[[ DATA FOR THIS EXERCISE open ]]

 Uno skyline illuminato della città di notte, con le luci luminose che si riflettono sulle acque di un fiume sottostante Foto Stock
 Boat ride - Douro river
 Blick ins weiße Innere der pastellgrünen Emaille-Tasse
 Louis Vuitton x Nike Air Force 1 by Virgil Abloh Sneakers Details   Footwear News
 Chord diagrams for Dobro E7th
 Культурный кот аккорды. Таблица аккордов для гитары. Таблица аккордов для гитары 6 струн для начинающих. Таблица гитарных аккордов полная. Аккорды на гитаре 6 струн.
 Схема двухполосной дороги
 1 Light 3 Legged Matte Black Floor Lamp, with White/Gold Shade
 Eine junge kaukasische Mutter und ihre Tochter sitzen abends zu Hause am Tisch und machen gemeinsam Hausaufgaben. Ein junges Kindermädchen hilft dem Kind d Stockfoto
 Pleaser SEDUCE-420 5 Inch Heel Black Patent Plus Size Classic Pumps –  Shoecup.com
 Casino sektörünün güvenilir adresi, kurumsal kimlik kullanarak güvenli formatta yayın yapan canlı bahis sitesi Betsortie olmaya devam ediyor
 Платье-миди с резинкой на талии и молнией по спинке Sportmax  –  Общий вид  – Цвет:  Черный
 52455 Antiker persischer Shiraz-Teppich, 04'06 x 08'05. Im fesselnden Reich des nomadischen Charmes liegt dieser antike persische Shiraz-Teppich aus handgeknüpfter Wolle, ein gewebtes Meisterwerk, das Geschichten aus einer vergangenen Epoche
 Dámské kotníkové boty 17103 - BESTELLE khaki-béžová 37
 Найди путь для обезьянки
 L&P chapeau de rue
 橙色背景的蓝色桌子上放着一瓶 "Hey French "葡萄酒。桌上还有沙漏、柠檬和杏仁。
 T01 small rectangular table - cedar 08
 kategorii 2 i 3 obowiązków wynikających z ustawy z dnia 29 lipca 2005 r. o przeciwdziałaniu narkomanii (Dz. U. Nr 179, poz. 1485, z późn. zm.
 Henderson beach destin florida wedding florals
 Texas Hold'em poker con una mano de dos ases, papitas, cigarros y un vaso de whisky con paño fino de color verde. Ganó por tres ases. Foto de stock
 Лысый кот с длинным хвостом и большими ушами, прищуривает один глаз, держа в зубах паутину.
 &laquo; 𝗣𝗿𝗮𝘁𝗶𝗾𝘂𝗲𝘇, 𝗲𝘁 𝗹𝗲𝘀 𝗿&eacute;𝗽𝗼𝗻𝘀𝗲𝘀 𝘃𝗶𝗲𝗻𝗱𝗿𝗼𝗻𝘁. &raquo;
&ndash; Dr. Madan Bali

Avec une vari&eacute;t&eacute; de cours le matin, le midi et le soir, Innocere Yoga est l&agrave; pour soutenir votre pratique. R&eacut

[[ DATA FOR THIS EXERCISE closed ]]

→ **GOAL OF THE EXERCISE**
Transcribe only, please, the lines from the first line of the records through the line with "Культурный кот аккорды.". Both of those lines are included.

→ **WRITTEN ANSWER**
 Uno skyline illuminato della città di notte, con le luci luminose che si riflettono sulle acque di un fiume sottostante Foto Stock
 Boat ride - Douro river
 Blick ins weiße Innere der pastellgrünen Emaille-Tasse
 Louis Vuitton x Nike Air Force 1 by Virgil Abloh Sneakers Details   Footwear News
 Chord diagrams for Dobro E7th
 Культурный кот аккорды. Таблица аккордов для гитары. Таблица аккордов для гитары 6 струн для начинающих. Таблица гитарных аккордов полная. Аккорды на гитаре 6 струн.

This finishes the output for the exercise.